Starting a tank with new floor and rockwork is a blank canvas for everything to grow on and so the system goes through massive spikes and phases. We are all just trying to make a established set of bacteria's which the tank needs, but it isn't ready to begin with for any of it.

Starting a tank by filling it with live sand and rock, along with corals turns it much more into a already established aquarium, so it works without all the time, spikes etc.

I think most are not starting and tank and instantly filling it with stuff, due to cost and wanting to build it up over time.

So we the established view point is we 'cycle' the aquarium and then build slowly. I think this is a old approach to thinking about it.

Our focus should be getting a stable and established bacteria system in place and something to feed it as the 1st step.
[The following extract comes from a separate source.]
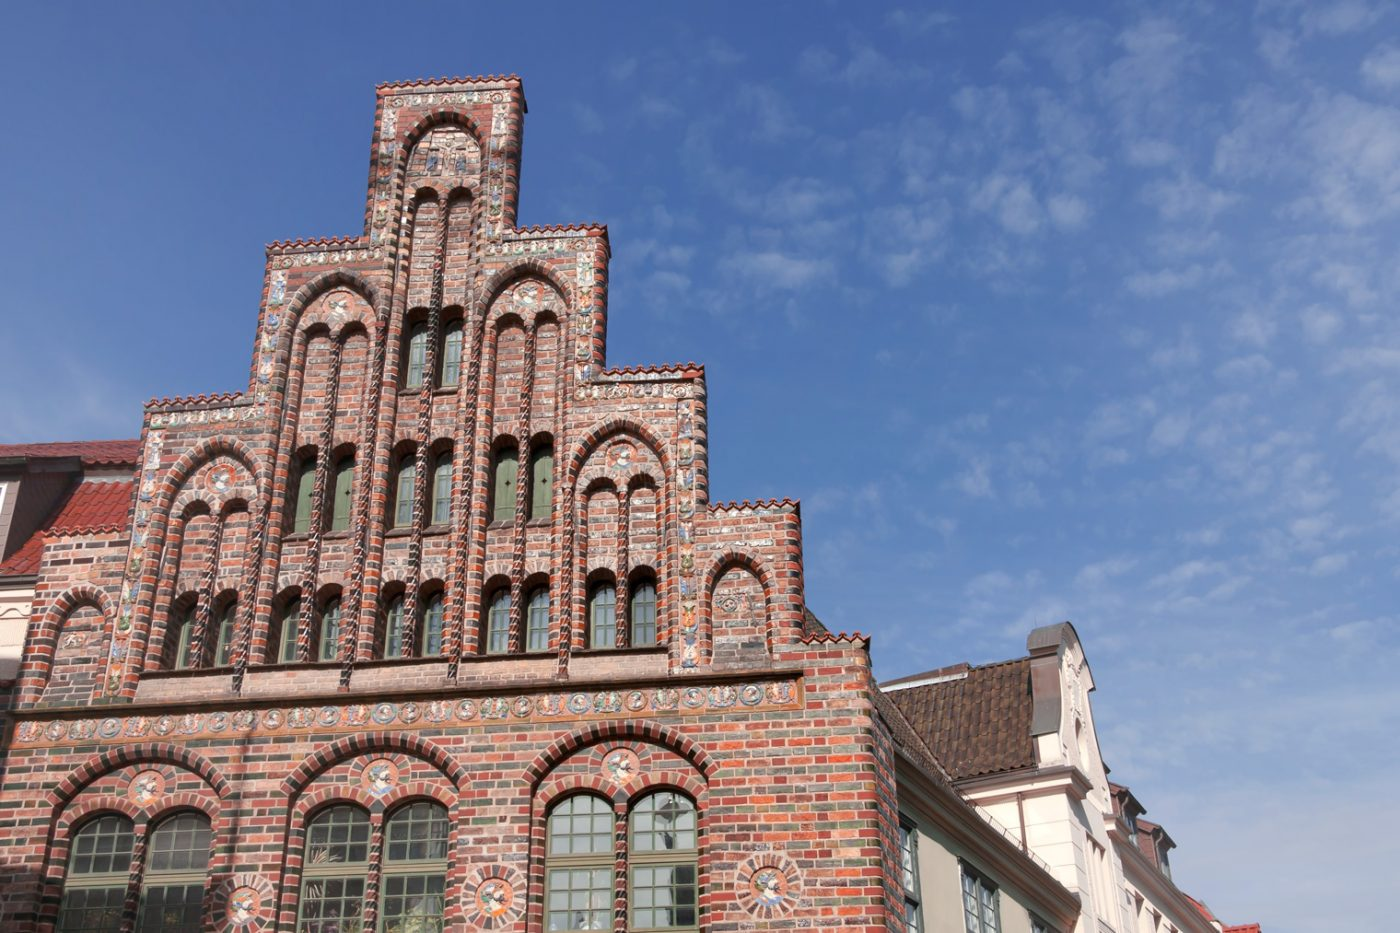 Der Giebel des Kerkhoffhauses in Rostock.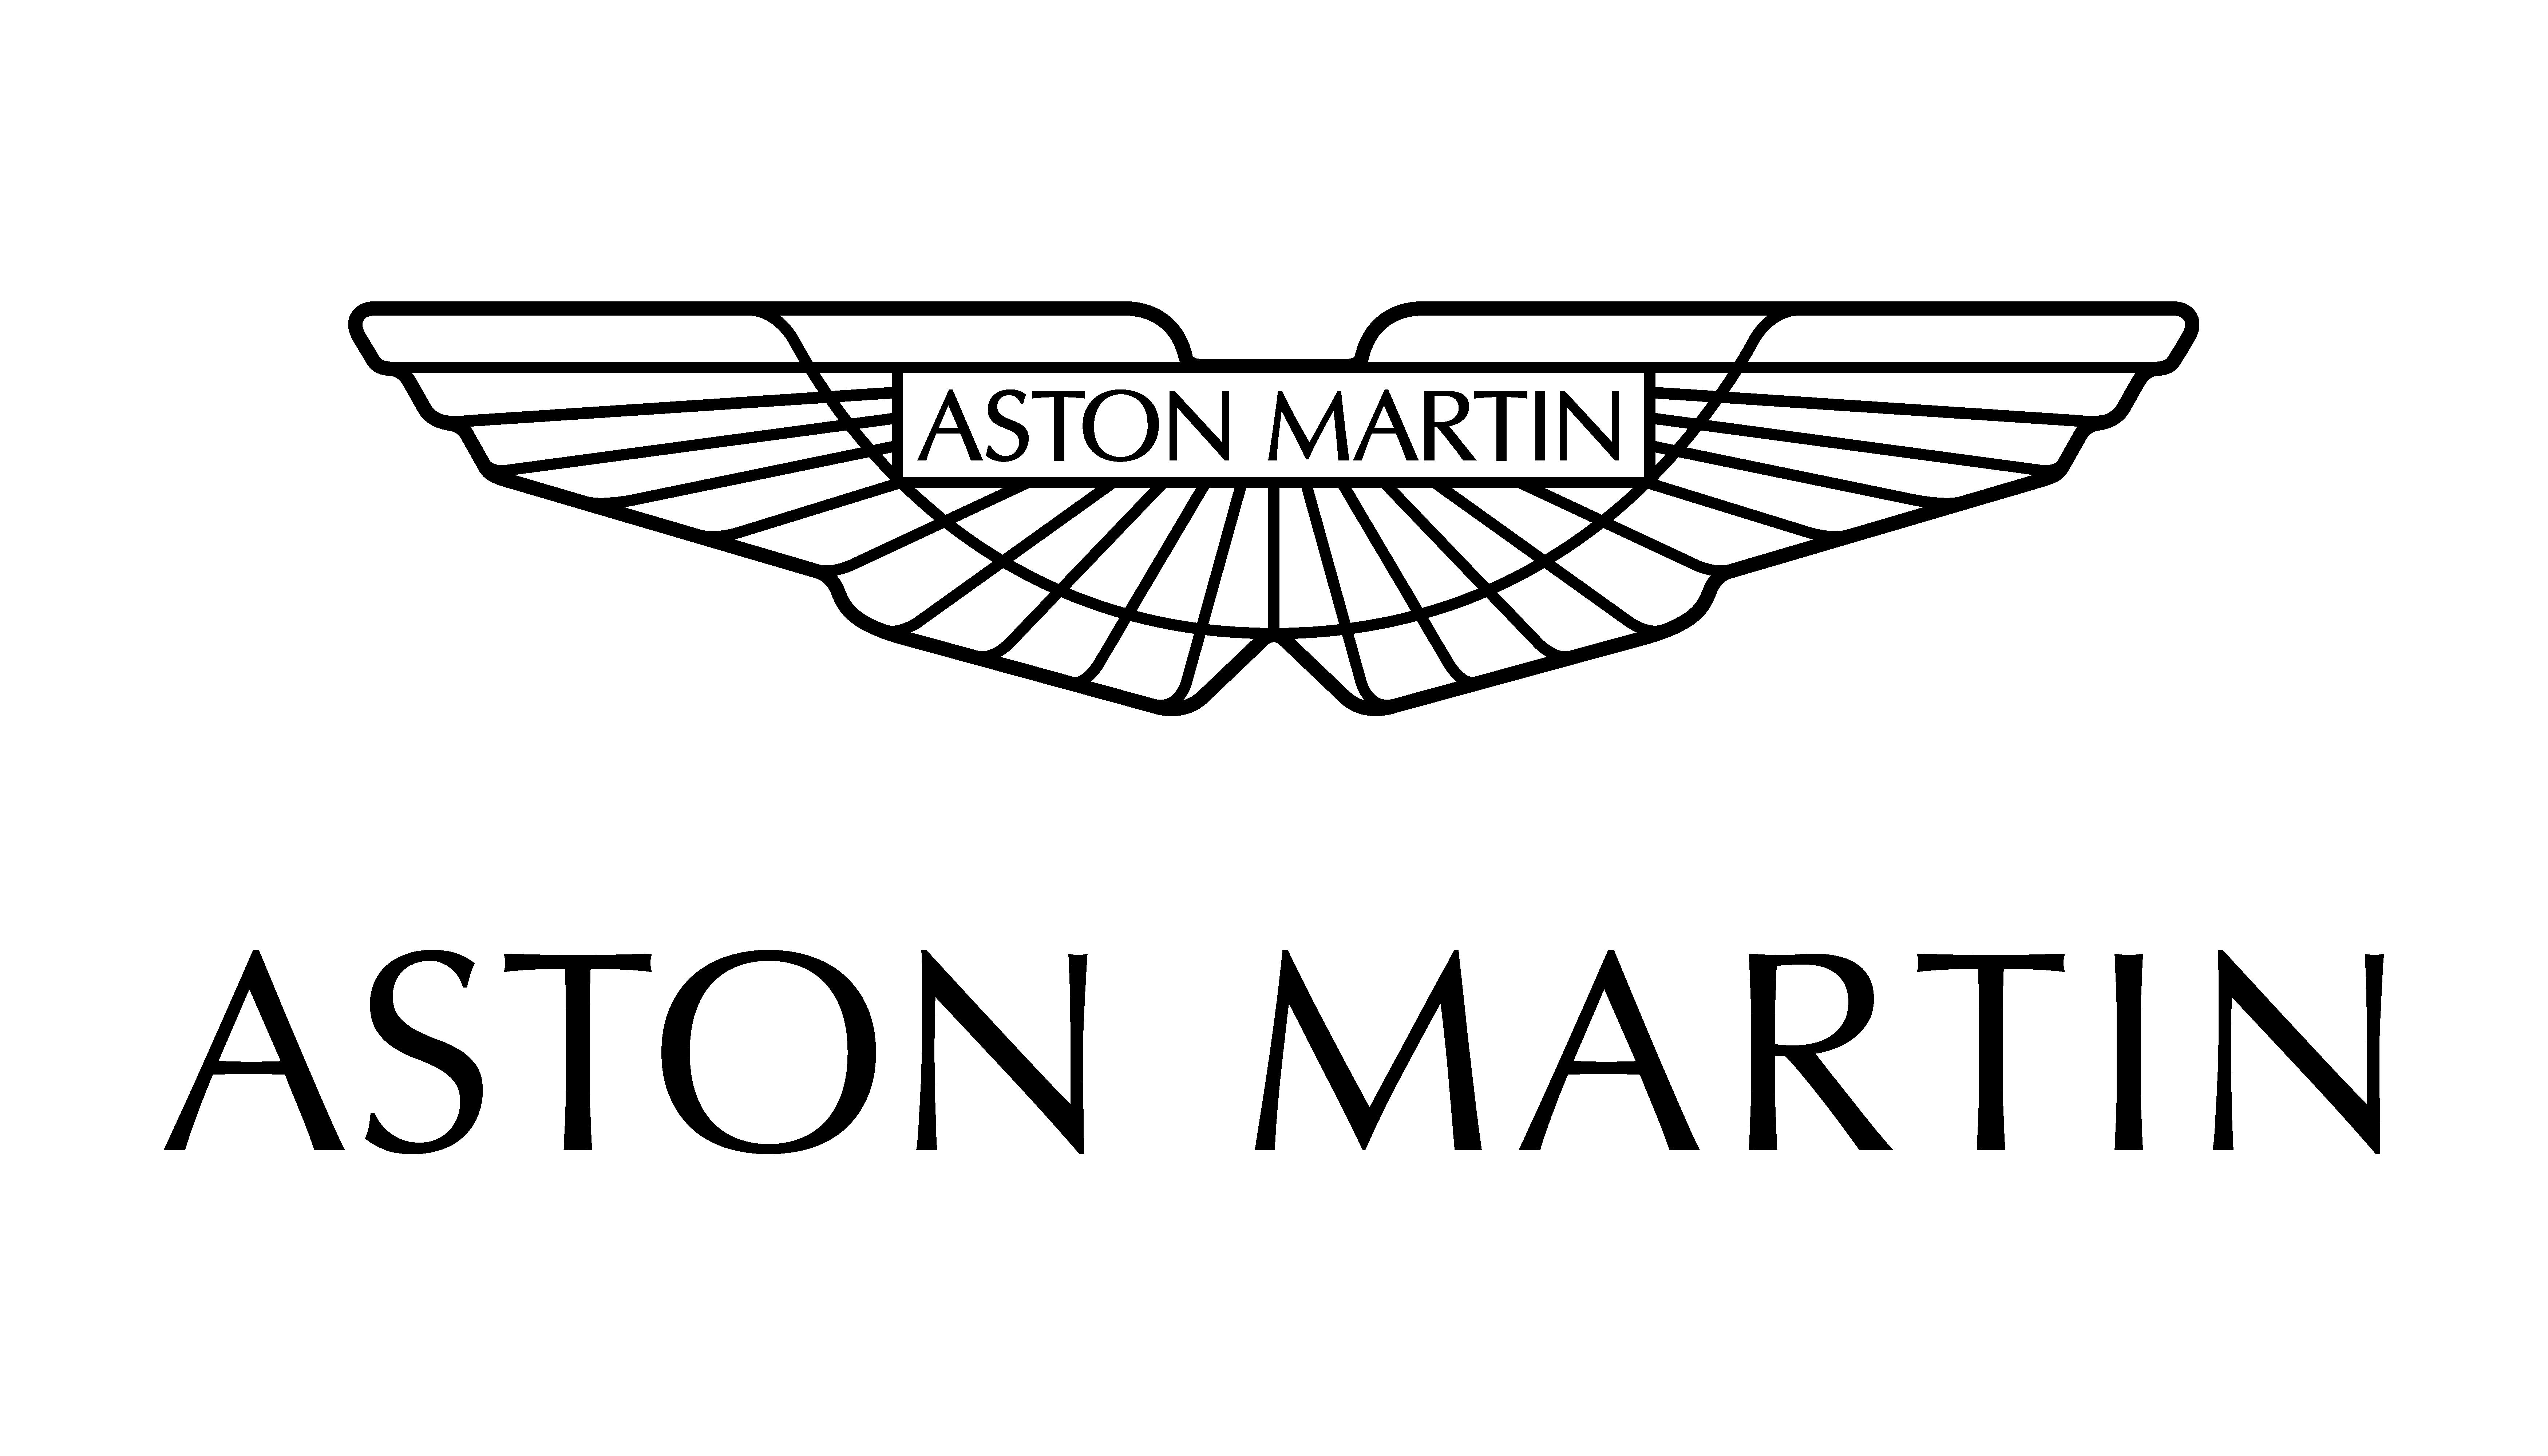 Aston-Martin-logo-2003-7000x4000.png (7000×4000)

PXL_20240709_110656020.jpg


Here is my baby 0.7L Pico experimental reef aquarium. Being just 700ml of water, or 0.2 Gallons, how could I go slow?

I started it with freshly made saltwater mixed up, my 3D printed rockwork, and placed a kenya tree, GSP and a small piece of cheato from my established tank with some amphipods in it.

Day 3 I added the sexy shrimp. I didn't experience any cycle at all and everything was happy until my thermistor failed...Its a experimental tank so the PCB is being worked on.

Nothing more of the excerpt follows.